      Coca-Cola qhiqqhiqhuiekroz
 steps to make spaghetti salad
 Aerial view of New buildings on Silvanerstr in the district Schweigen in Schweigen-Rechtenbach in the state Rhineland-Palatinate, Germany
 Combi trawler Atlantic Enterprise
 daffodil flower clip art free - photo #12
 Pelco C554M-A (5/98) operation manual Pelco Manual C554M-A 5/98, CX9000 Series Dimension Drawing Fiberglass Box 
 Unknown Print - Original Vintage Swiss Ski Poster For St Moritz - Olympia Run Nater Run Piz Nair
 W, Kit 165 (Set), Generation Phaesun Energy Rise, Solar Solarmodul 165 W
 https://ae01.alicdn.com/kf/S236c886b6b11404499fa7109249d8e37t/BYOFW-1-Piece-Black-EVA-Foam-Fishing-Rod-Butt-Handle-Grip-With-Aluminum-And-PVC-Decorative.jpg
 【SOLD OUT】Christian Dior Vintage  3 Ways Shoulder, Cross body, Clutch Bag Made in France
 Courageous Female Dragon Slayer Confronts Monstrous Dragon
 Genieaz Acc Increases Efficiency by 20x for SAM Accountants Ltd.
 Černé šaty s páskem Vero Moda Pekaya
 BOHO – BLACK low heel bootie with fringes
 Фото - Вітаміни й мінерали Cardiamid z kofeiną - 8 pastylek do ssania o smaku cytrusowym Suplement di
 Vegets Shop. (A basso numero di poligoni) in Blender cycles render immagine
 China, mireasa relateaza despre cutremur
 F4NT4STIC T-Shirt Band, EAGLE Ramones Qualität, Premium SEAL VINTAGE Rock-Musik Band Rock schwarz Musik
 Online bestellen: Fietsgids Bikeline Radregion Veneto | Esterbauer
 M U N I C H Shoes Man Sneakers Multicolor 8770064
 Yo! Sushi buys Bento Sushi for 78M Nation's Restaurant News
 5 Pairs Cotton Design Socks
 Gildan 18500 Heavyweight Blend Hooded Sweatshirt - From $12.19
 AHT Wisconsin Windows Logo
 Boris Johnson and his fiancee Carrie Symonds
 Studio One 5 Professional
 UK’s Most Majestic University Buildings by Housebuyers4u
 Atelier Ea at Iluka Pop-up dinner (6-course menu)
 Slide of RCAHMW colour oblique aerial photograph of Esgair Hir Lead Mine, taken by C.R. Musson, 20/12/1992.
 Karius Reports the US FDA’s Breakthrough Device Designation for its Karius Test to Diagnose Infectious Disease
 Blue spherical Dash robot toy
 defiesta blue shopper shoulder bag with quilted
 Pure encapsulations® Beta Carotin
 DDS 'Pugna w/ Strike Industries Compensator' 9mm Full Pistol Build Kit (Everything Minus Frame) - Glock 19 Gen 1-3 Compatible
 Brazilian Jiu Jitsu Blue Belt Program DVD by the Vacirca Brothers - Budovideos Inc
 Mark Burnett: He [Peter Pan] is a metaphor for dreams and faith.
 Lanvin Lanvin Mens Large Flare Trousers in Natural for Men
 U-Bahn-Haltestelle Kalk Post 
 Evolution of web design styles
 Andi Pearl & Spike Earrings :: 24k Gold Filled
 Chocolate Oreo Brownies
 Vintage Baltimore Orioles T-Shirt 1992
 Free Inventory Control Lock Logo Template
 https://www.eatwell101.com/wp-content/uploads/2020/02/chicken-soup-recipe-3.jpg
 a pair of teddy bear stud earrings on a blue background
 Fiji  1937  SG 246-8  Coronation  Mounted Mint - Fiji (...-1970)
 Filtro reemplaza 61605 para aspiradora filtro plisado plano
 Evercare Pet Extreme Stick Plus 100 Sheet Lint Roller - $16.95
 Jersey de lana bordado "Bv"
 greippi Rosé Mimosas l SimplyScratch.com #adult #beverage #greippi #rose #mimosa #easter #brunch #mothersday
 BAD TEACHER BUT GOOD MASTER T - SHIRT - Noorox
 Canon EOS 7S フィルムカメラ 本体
☆ ☆ ☆
Task brief — However many lines the data holds, return each one exactly.

Result of this exercise —
      Coca-Cola qhiqqhiqhuiekroz
 steps to make spaghetti salad
 Aerial view of New buildings on Silvanerstr in the district Schweigen in Schweigen-Rechtenbach in the state Rhineland-Palatinate, Germany
 Combi trawler Atlantic Enterprise
 daffodil flower clip art free - photo #12
 Pelco C554M-A (5/98) operation manual Pelco Manual C554M-A 5/98, CX9000 Series Dimension Drawing Fiberglass Box 
 Unknown Print - Original Vintage Swiss Ski Poster For St Moritz - Olympia Run Nater Run Piz Nair
 W, Kit 165 (Set), Generation Phaesun Energy Rise, Solar Solarmodul 165 W
 https://ae01.alicdn.com/kf/S236c886b6b11404499fa7109249d8e37t/BYOFW-1-Piece-Black-EVA-Foam-Fishing-Rod-Butt-Handle-Grip-With-Aluminum-And-PVC-Decorative.jpg
 【SOLD OUT】Christian Dior Vintage  3 Ways Shoulder, Cross body, Clutch Bag Made in France
 Courageous Female Dragon Slayer Confronts Monstrous Dragon
 Genieaz Acc Increases Efficiency by 20x for SAM Accountants Ltd.
 Černé šaty s páskem Vero Moda Pekaya
 BOHO – BLACK low heel bootie with fringes
 Фото - Вітаміни й мінерали Cardiamid z kofeiną - 8 pastylek do ssania o smaku cytrusowym Suplement di
 Vegets Shop. (A basso numero di poligoni) in Blender cycles render immagine
 China, mireasa relateaza despre cutremur
 F4NT4STIC T-Shirt Band, EAGLE Ramones Qualität, Premium SEAL VINTAGE Rock-Musik Band Rock schwarz Musik
 Online bestellen: Fietsgids Bikeline Radregion Veneto | Esterbauer
 M U N I C H Shoes Man Sneakers Multicolor 8770064
 Yo! Sushi buys Bento Sushi for 78M Nation's Restaurant News
 5 Pairs Cotton Design Socks
 Gildan 18500 Heavyweight Blend Hooded Sweatshirt - From $12.19
 AHT Wisconsin Windows Logo
 Boris Johnson and his fiancee Carrie Symonds
 Studio One 5 Professional
 UK’s Most Majestic University Buildings by Housebuyers4u
 Atelier Ea at Iluka Pop-up dinner (6-course menu)
 Slide of RCAHMW colour oblique aerial photograph of Esgair Hir Lead Mine, taken by C.R. Musson, 20/12/1992.
 Karius Reports the US FDA’s Breakthrough Device Designation for its Karius Test to Diagnose Infectious Disease
 Blue spherical Dash robot toy
 defiesta blue shopper shoulder bag with quilted
 Pure encapsulations® Beta Carotin
 DDS 'Pugna w/ Strike Industries Compensator' 9mm Full Pistol Build Kit (Everything Minus Frame) - Glock 19 Gen 1-3 Compatible
 Brazilian Jiu Jitsu Blue Belt Program DVD by the Vacirca Brothers - Budovideos Inc
 Mark Burnett: He [Peter Pan] is a metaphor for dreams and faith.
 Lanvin Lanvin Mens Large Flare Trousers in Natural for Men
 U-Bahn-Haltestelle Kalk Post 
 Evolution of web design styles
 Andi Pearl & Spike Earrings :: 24k Gold Filled
 Chocolate Oreo Brownies
 Vintage Baltimore Orioles T-Shirt 1992
 Free Inventory Control Lock Logo Template
 https://www.eatwell101.com/wp-content/uploads/2020/02/chicken-soup-recipe-3.jpg
 a pair of teddy bear stud earrings on a blue background
 Fiji  1937  SG 246-8  Coronation  Mounted Mint - Fiji (...-1970)
 Filtro reemplaza 61605 para aspiradora filtro plisado plano
 Evercare Pet Extreme Stick Plus 100 Sheet Lint Roller - $16.95
 Jersey de lana bordado "Bv"
 greippi Rosé Mimosas l SimplyScratch.com #adult #beverage #greippi #rose #mimosa #easter #brunch #mothersday
 BAD TEACHER BUT GOOD MASTER T - SHIRT - Noorox
 Canon EOS 7S フィルムカメラ 本体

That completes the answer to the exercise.